The holding in Walder v. United States, 347 U.S. 62, 65, 74 S.Ct. 354, 98 L.Ed. 503 (1954), is not directly in point but its underlying rationale is dis-positive of appellant’s claim. Here as in Walder “there is hardly justification for letting the defendant affirmatively resort to perjurious testimony in reliance on the Government’s disability to challenge his credibility.” An indigent is indeed “compelled” to make a showing he lacks resources or assets in order to have the court appoint counsel, supply witness fees and filing costs, but if it develops that he has a large bank account can it be thought he can successfully prevent impeachment for his false statement to the court?

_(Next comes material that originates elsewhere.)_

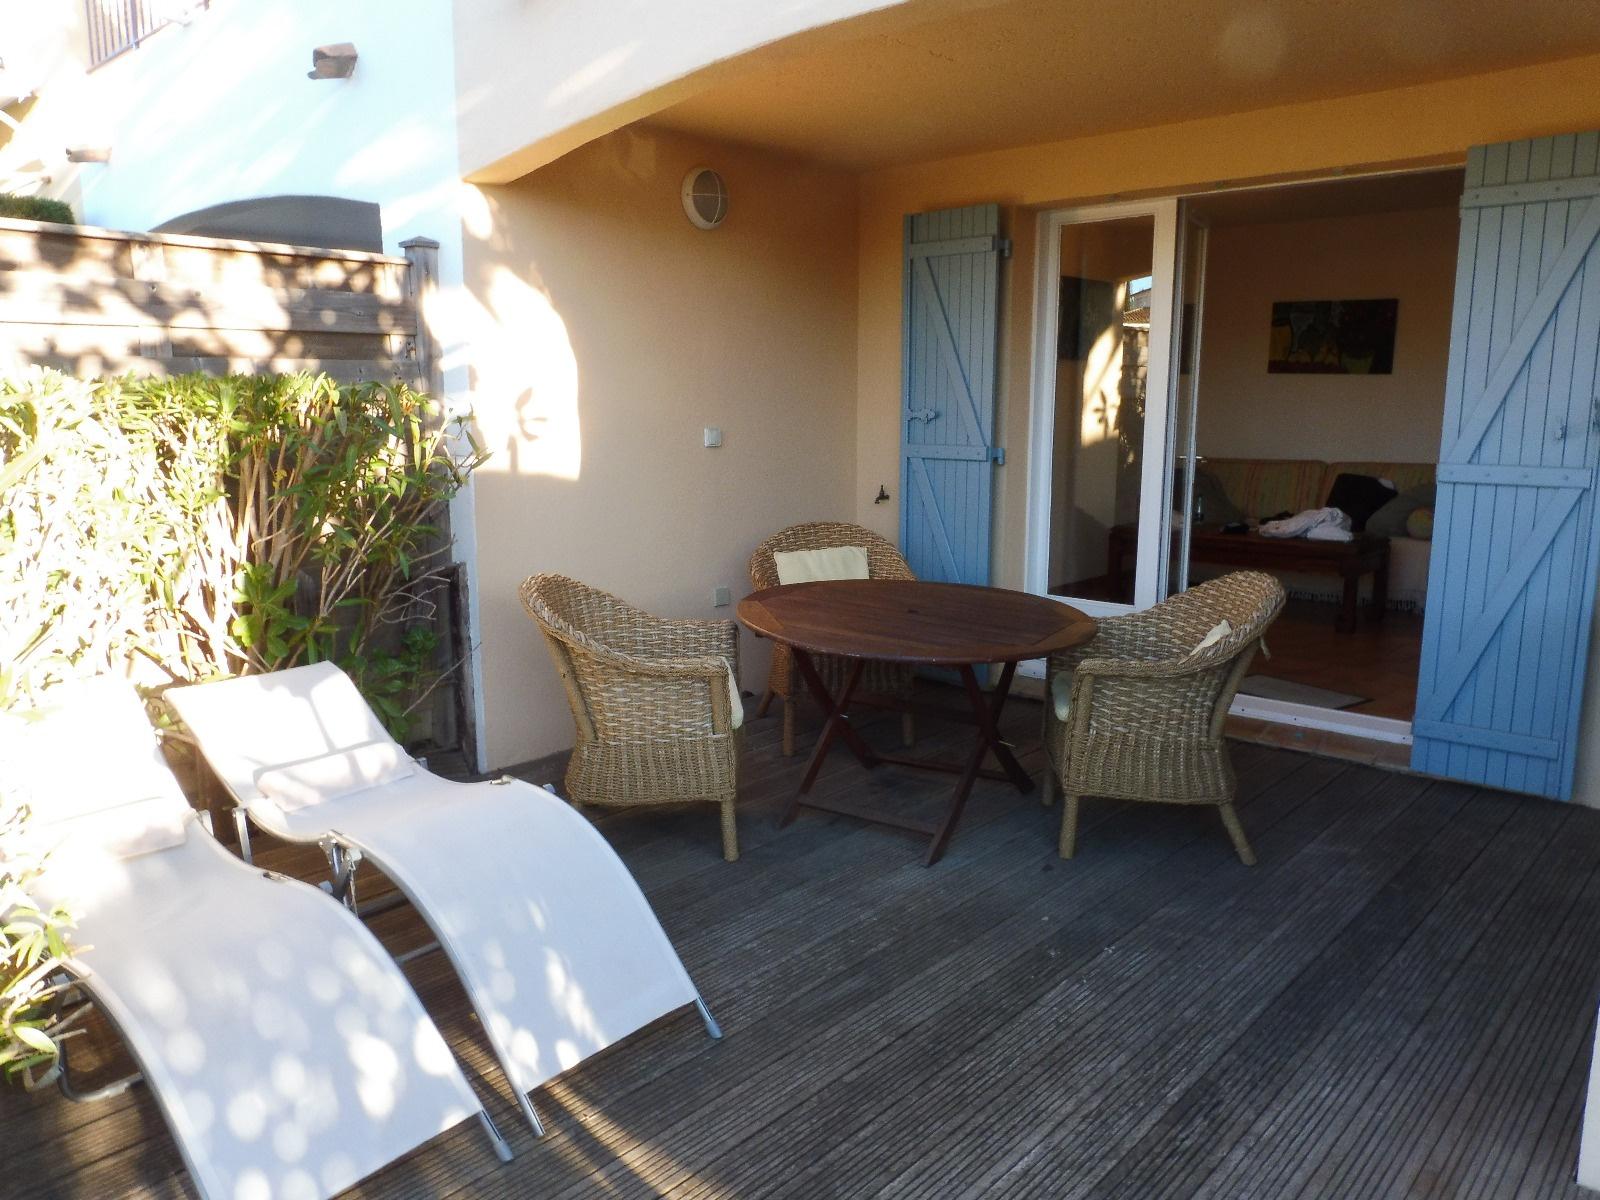 offres locations vacances LOCATION DE VACANCES MAISON DE PECHEUR 2 CHAMBRES PORT COGOLIN

An accused is not compelled to testify but if he does he is “compelled” to tell the truth at the risk of impeachment by what he has said on some other occasion, as, for example, in a tax return he was “compelled” to file. Raffel v. United States, 271 U.S. 494, 46 S.Ct. 566, 70 L.Ed. 1054 (1926); Leeby v. United States, 192 F.2d 331, 334 (8th Cir. 1951). That he may be indicted for perjury also, is beside the point. In many contexts a citizen is compelled to give information to his government; tax returns,6 passport applications, affidavits in litigation, are but a few. But he is also compelled in another sense to tell the truth or bear the consequences, one of which is to suffer impeachment as a witness. The falsehood in the instant case, whether in the affidavit or in the witness chair, constituted a grave obstruction to the administration of justice and it would be intolerable if appellant could assert any bar to its use to test his veracity.
Reversed and remanded for a new trial.